● **REQUIREMENT**
For the material below, reproduce exactly each line from the one that has "season 3 episodes" through the one that has "YS-11FC 点検隊 #160 初期塗装", and no others; pictures stay out.

-- DATA RECORDS follows --

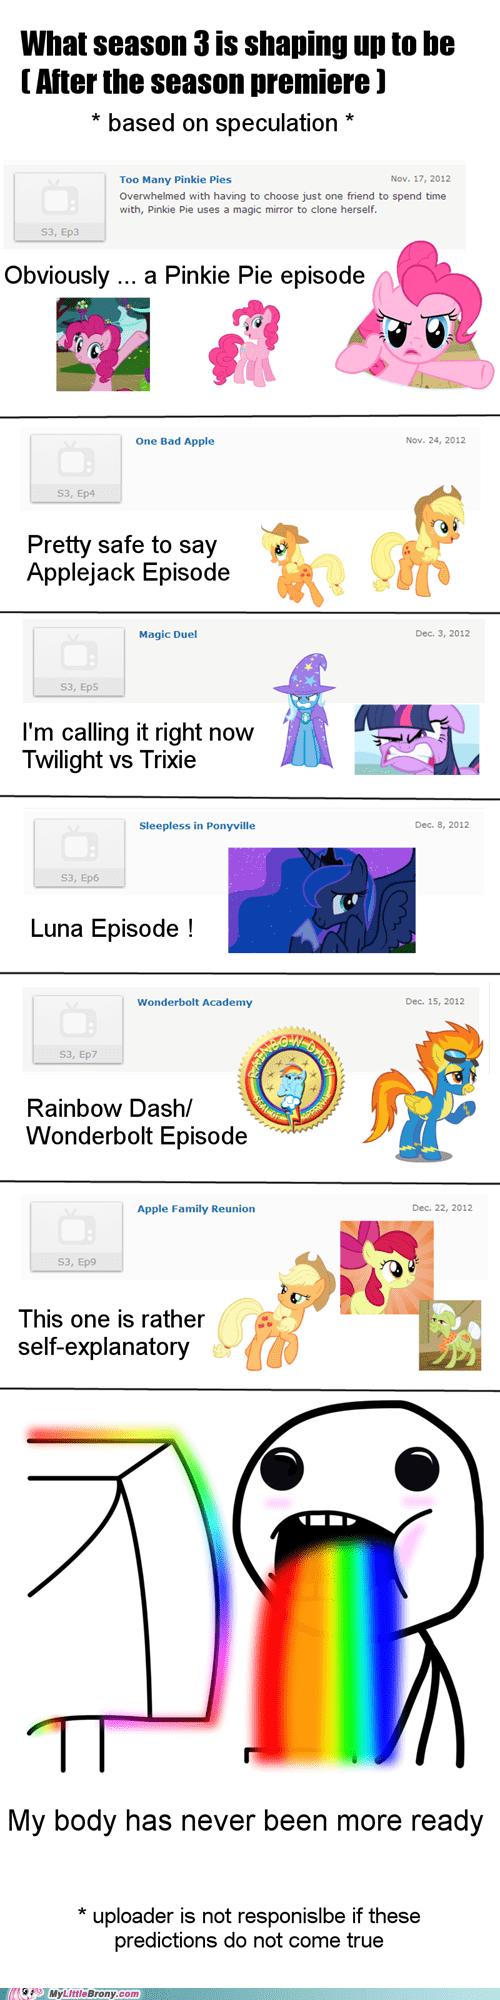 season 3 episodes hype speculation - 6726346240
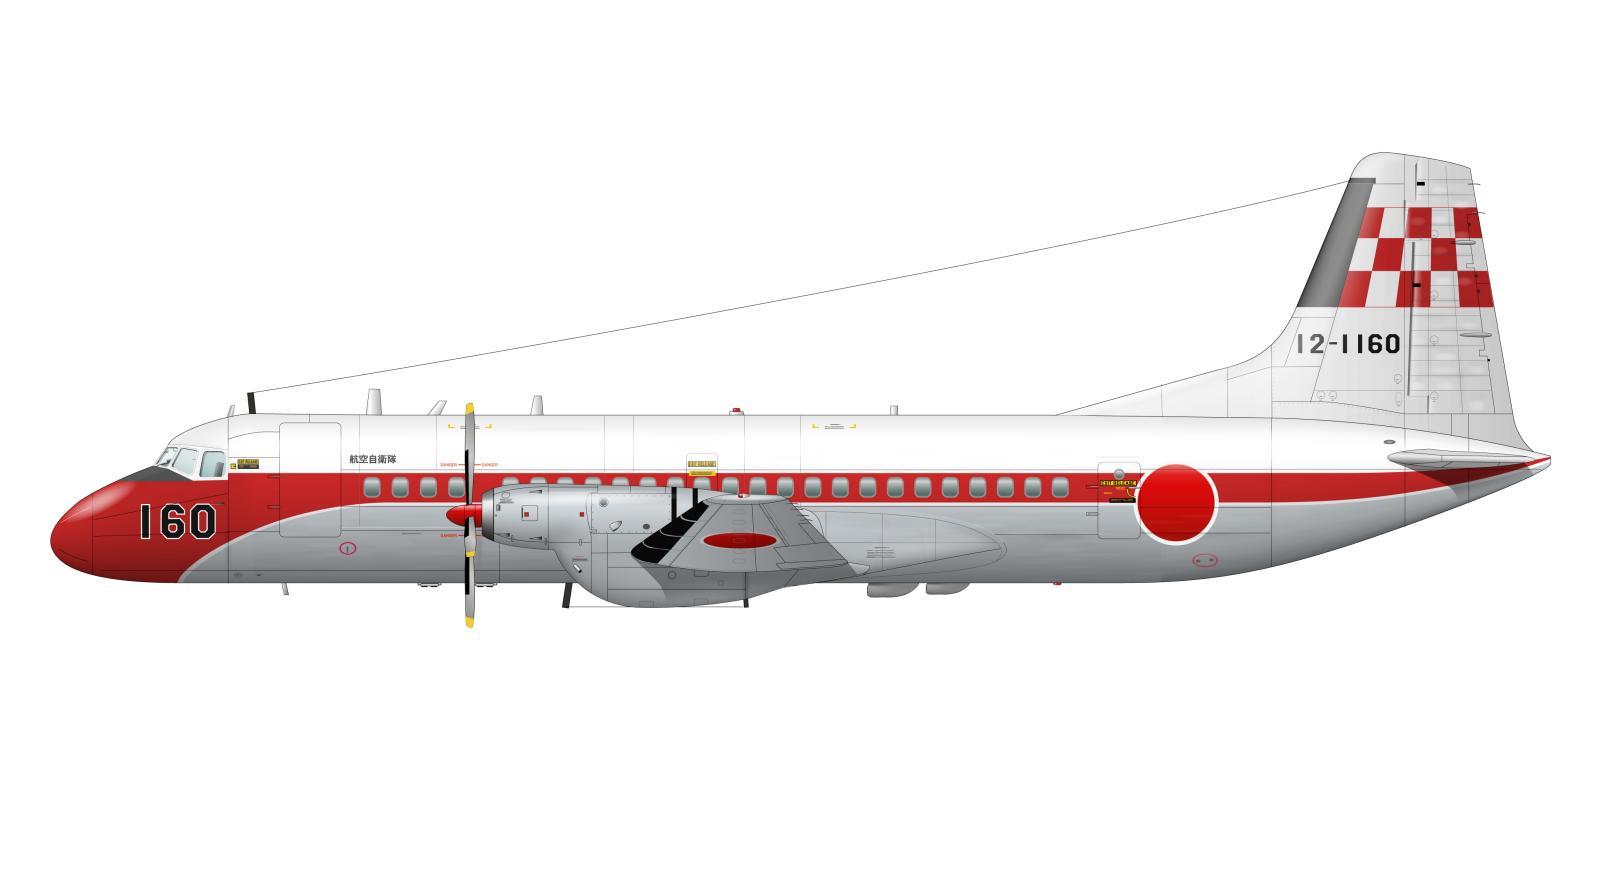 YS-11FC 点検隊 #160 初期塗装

-- DATA RECORDS concluded --
-- DATA RECORDS follows --

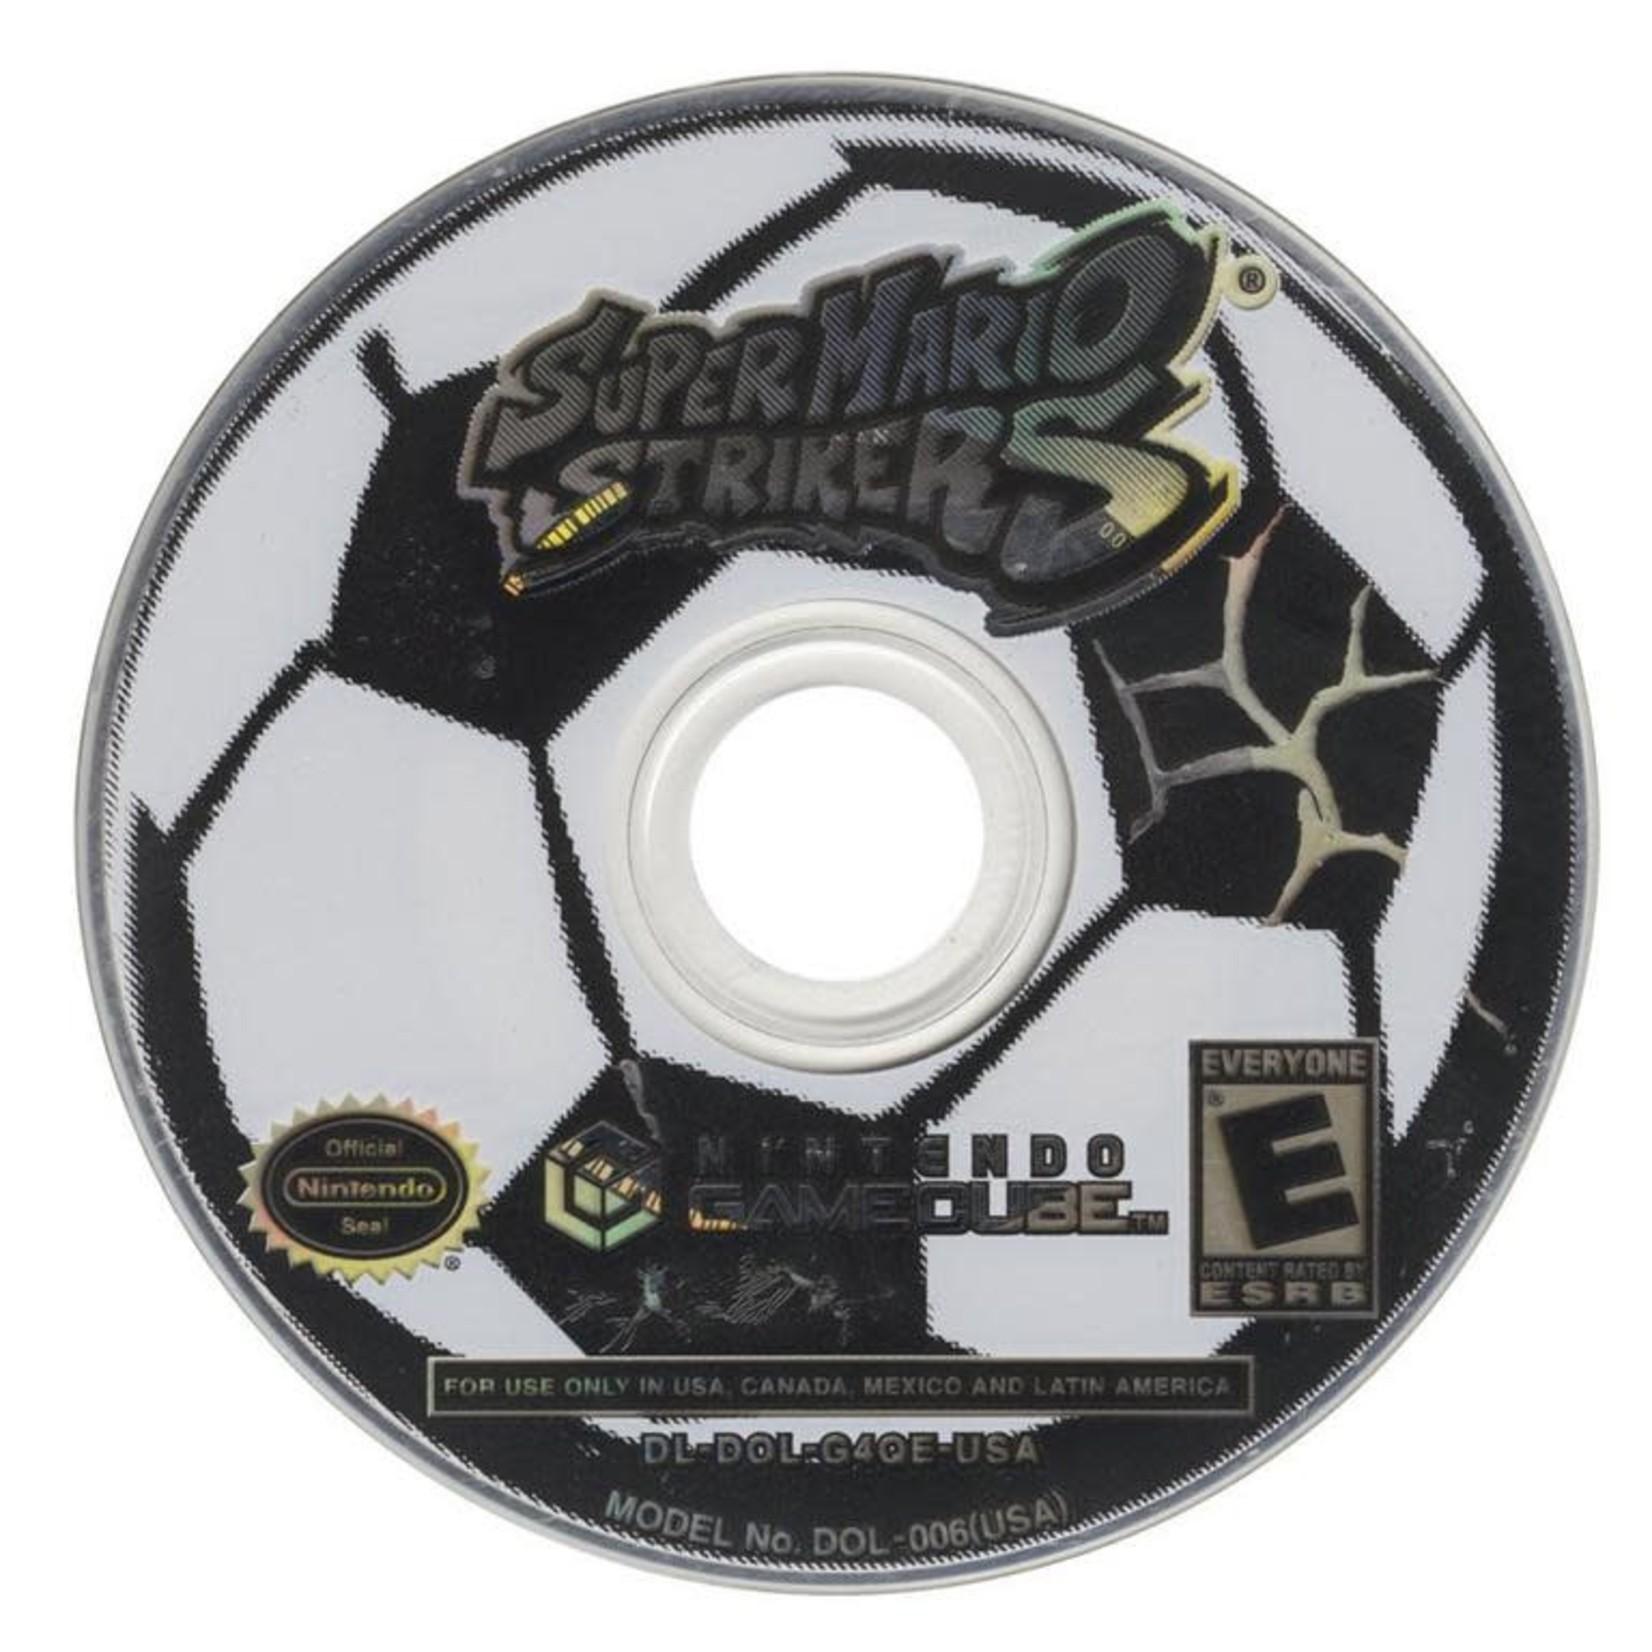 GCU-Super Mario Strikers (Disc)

-- DATA RECORDS concluded --

● **PROBLEM SOLUTION**
 season 3 episodes hype speculation - 6726346240
 YS-11FC 点検隊 #160 初期塗装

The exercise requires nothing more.